The Art of Community
About 15 months ago WUSF introduced you to an artist, a Hurricane Katrina evacuee, who settled in the St. Petersburg neighborhood of Roser Park. This weekend is the Fourth Annual Historic Roser Park Art Festival and we thought what better time to check in with artist Linda Newcomb.
Linda Newcomb sits in her one-room apartment. At her feet, her dog Chris chews on a bone. Outside her second-story windows is the bright green of old trees.
'Lucky me, the hurricane blew me right to paradise,' says Newcomb. 'Roser Park is, I don't know, it's just special. It's beautiful to look at everywhere you look.'
Newcomb says the community lifted her spirits after Hurricane Katrina forced her to leave New Orleans.
Like most artists, Newcomb's artwork reflects her life. And like her life, her artwork has changed since moving to Roser Park.
Now, her sculptures are crafted from seed pods, palm fronds and other natural materials from her neighborhood. Her jewelry is imprinted with palm trees. Her photographs are of Roser Park's natural settings.
The historic neighborhood of more than 100 homes tucked behind the Bayfront Medical Center just south of downtown St. Petersburg. The community was created around 1914 by Charles Martin Roser.

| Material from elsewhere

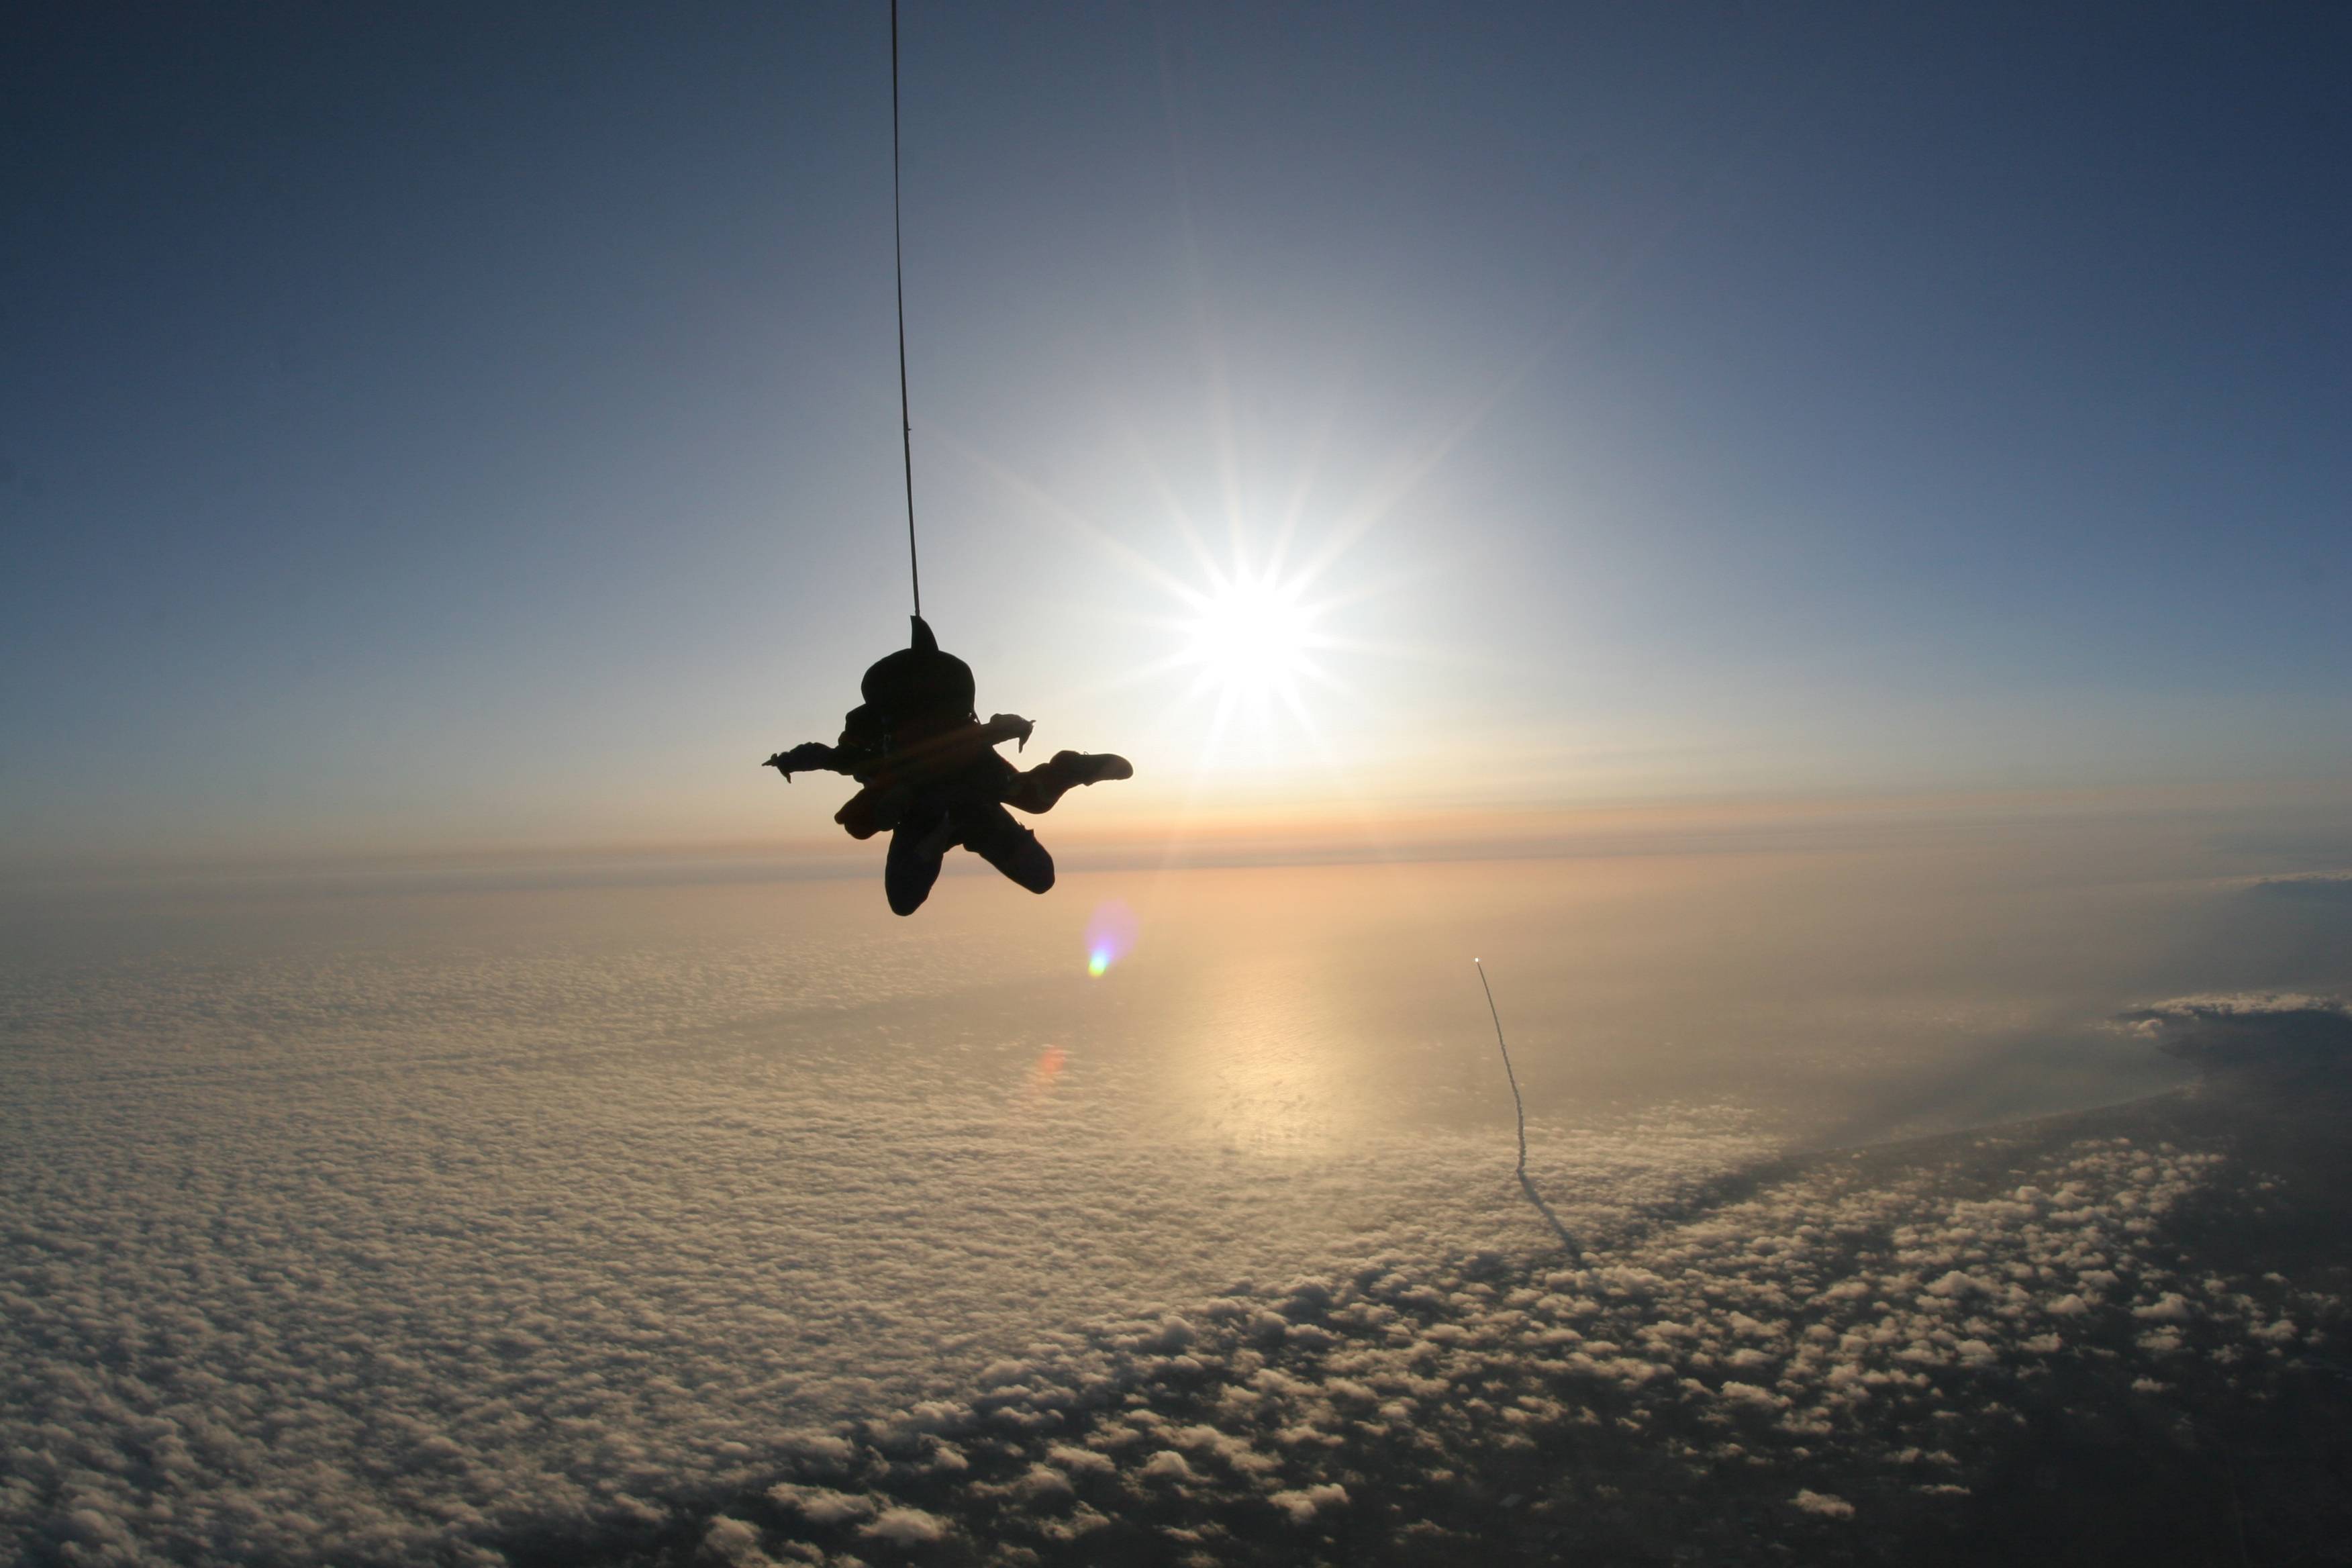 спорт жизнь прыжок парашют море горы sports life jump parachute sea mountains скачать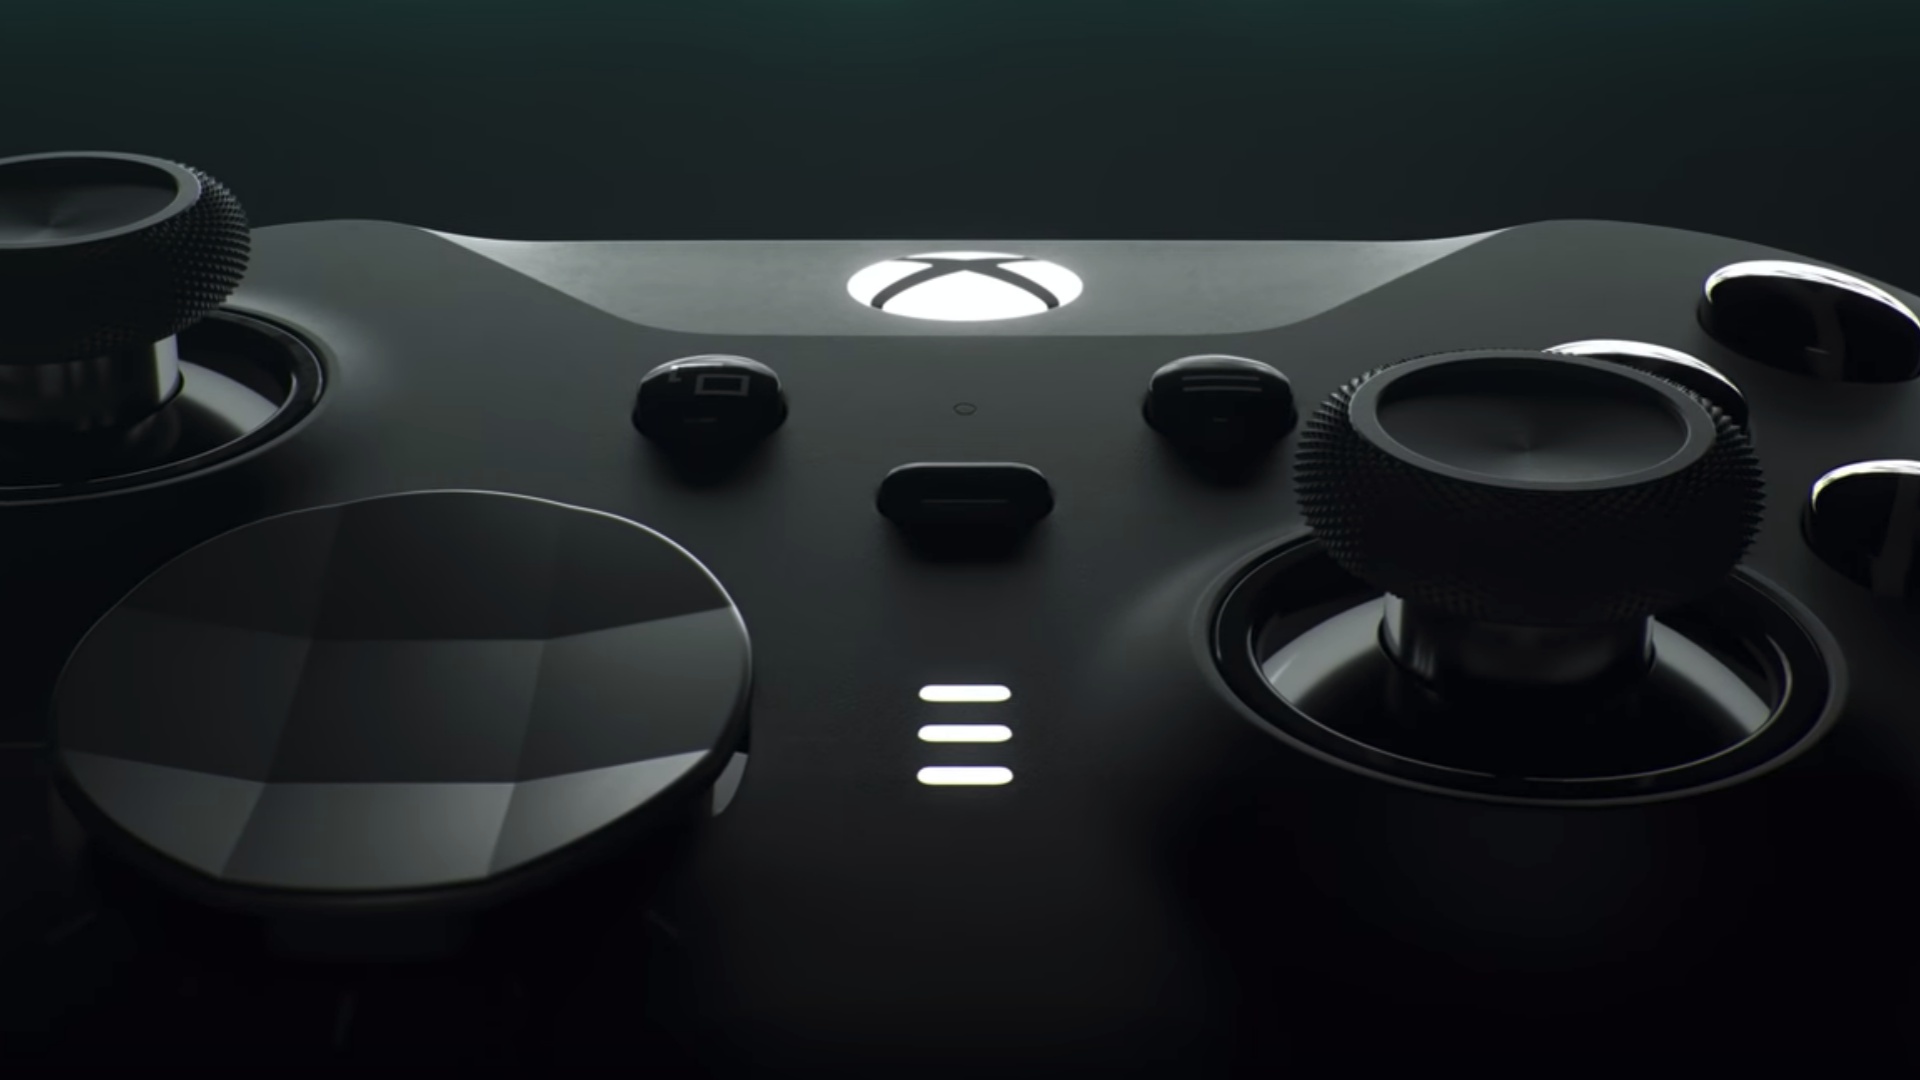 カスタム Xbox Elite コントローラー シリーズ Xbox One、Xbox シリーズ X、Xbox シリーズSと互換性があります。すべてのオリジナルアクセサリー＿並行輸入品

Newcomb's landlord, Kai Warren, has lived there for 26 years. He credits the tightly knit community with convincing city hall to designate Roser Park as local historic district.
The neighbors used to hold weekly liter walks to push the revitalization along. That's now down to just two major clean ups a year one in the spring prior to its annual tour of historic homes and one in the fall just prior to its annual art festival.
'You can't find a better venue for an art festival, it's shady, nice breezes, a beautiful creek, lush landscaping which is part of Charles Roser's idea for a neighborhood,' Warren says.
The 4th Annual Historic Roser Park Art Festival is this Saturday and Sunday.